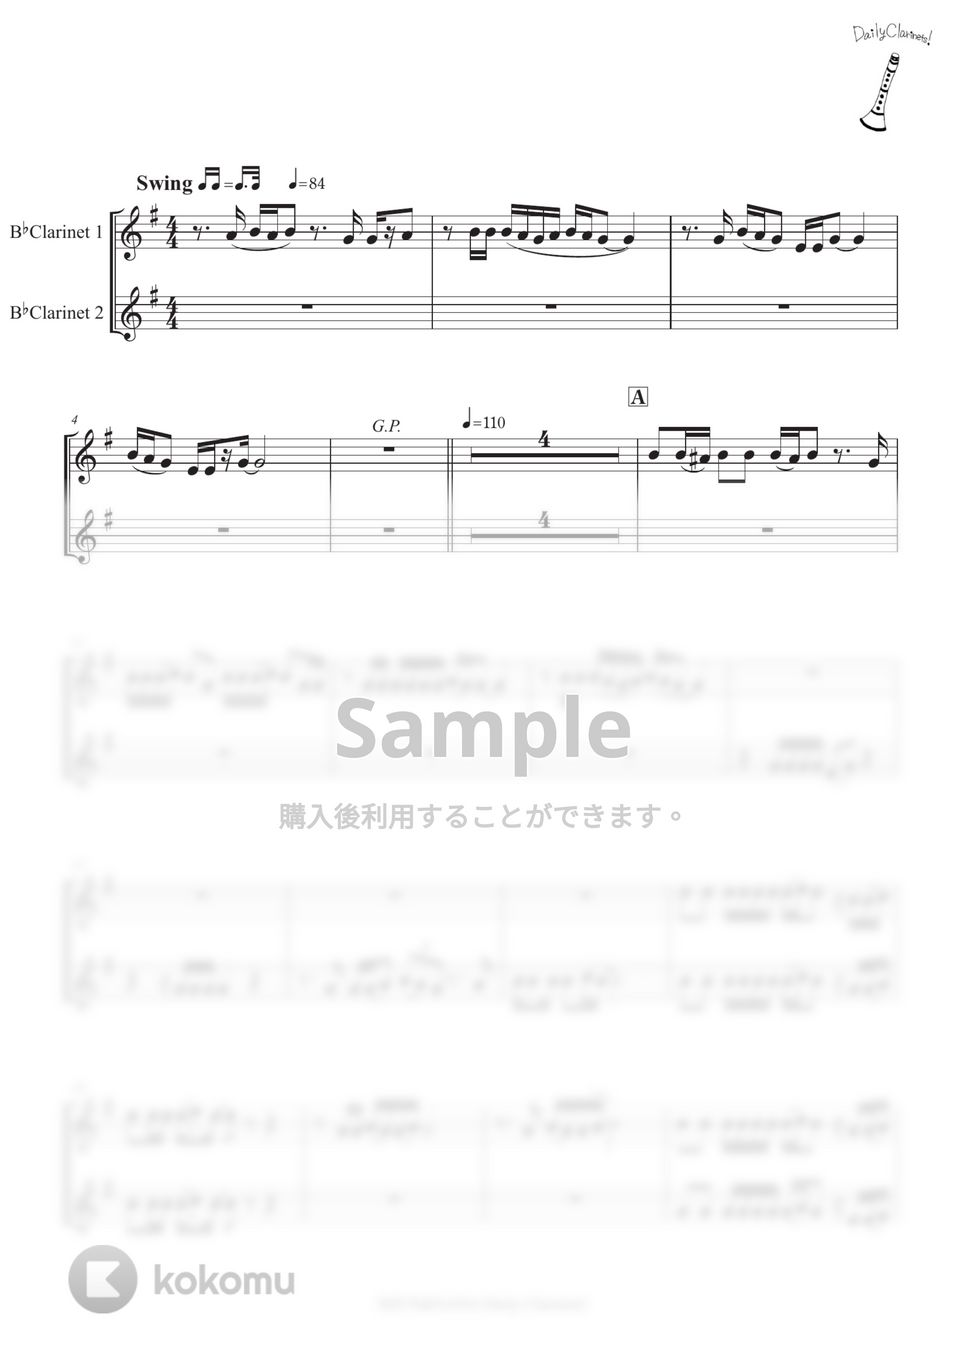 スズキナオト（オレンジスパイニクラブ） - キンモクセイ (クラリネット二重奏) by SHUN&NANA Daily Clarinets!
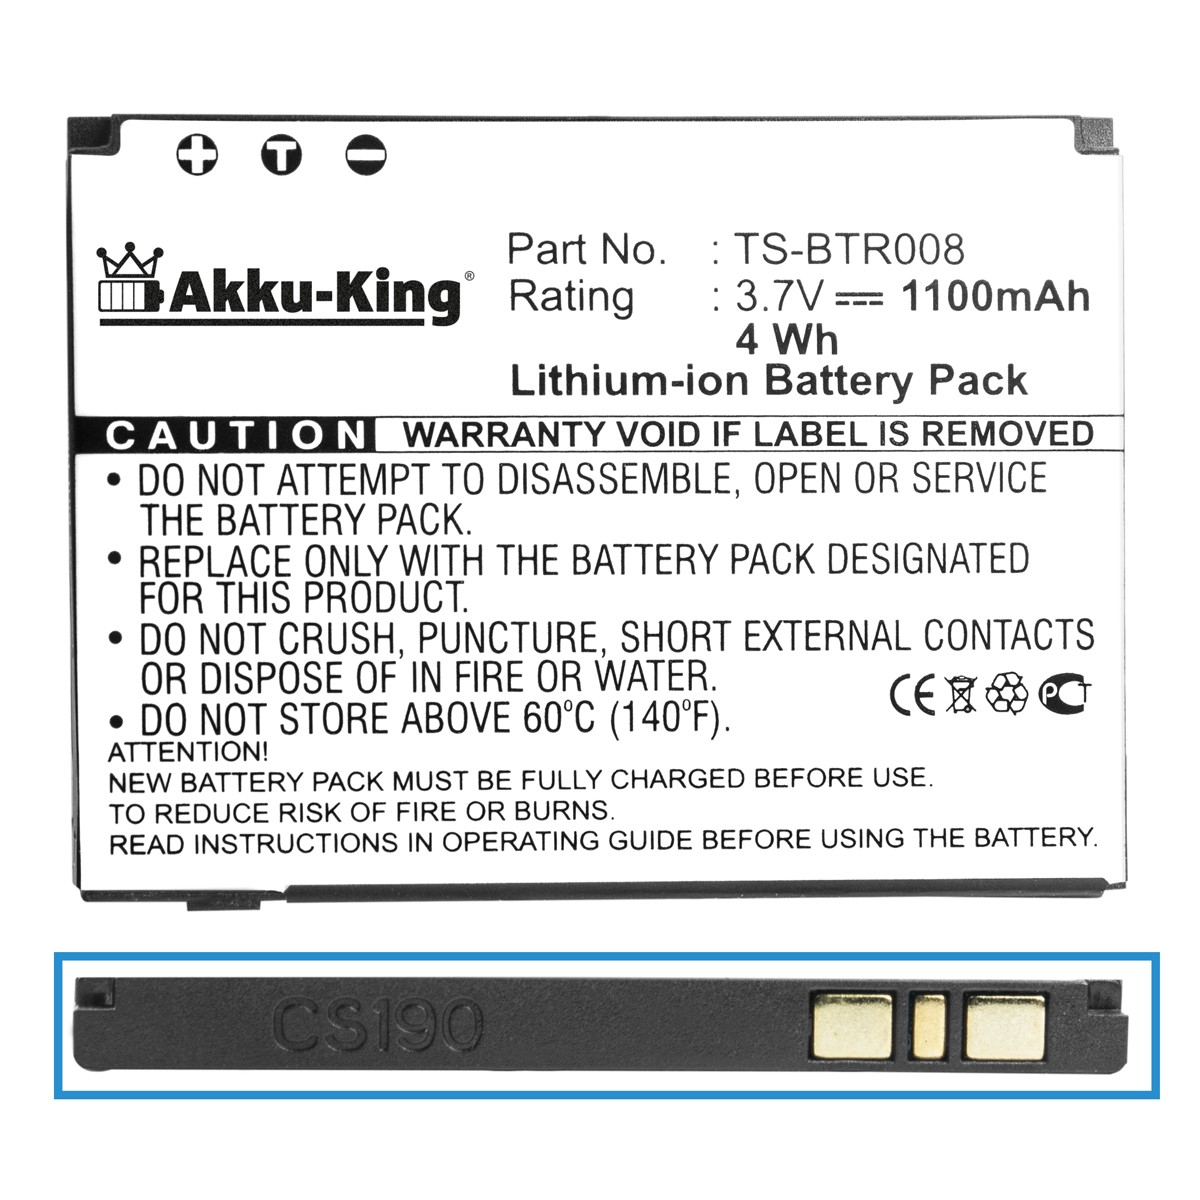 AKKU-KING Akku kompatibel mit Handy-Akku, Volt, 3.7 1100mAh Toshiba TS-BTR008 Li-Ion
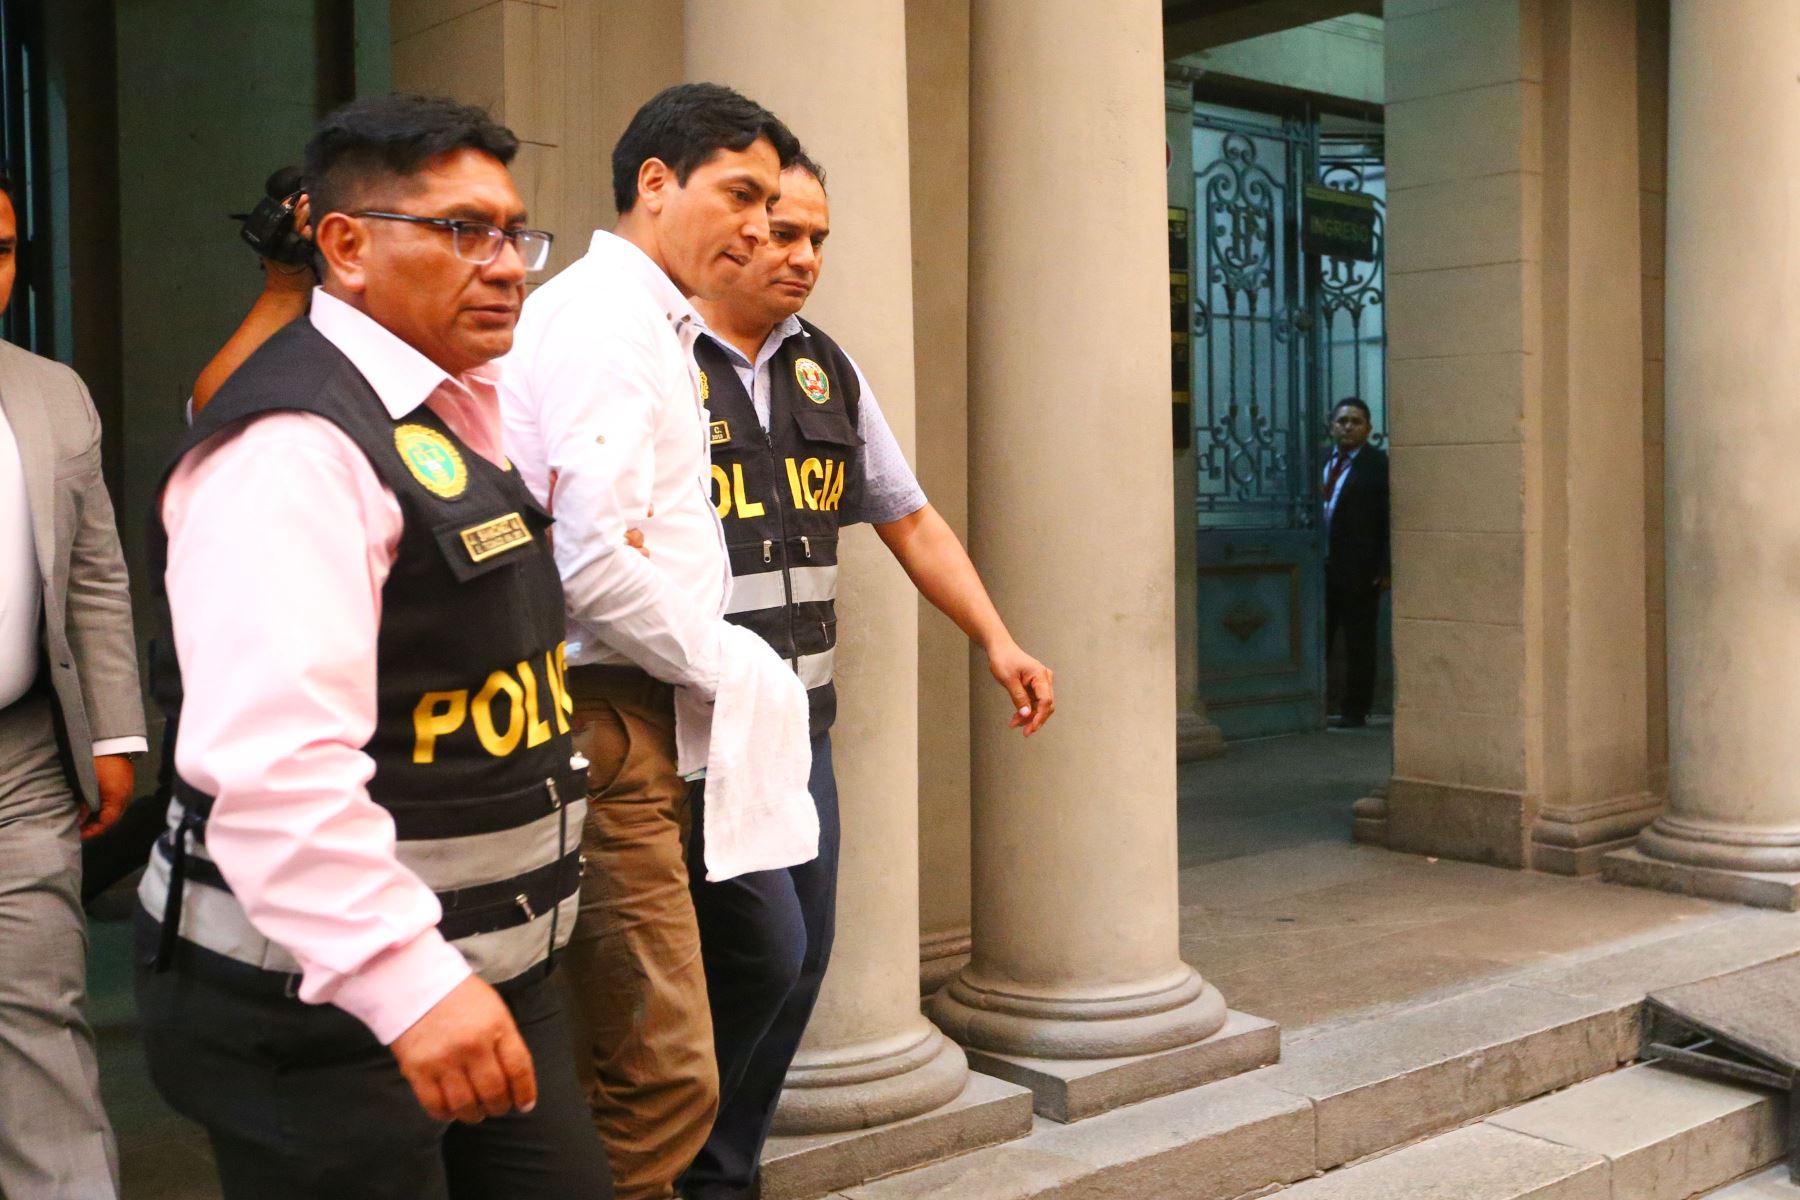 El excongresista Freddy Díaz es investigado por el presunto delito de violación sexual de persona en estado de inconsciencia. Foto: ANDINA/Eddy Ramos

********************

### ACTION ITEM
Copy every line of the listing above exactly. Leave each picture out.

### REPLY TO THE EXERCISE
 スズキナオト（オレンジスパイニクラブ） - キンモクセイ (クラリネット二重奏) by SHUN&NANA Daily Clarinets!
 AKKU-KING Akku kompatibel mit Handy-Akku, Volt, 3.7 1100mAh Toshiba TS-BTR008 Li-Ion
 El excongresista Freddy Díaz es investigado por el presunto delito de violación sexual de persona en estado de inconsciencia. Foto: ANDINA/Eddy Ramos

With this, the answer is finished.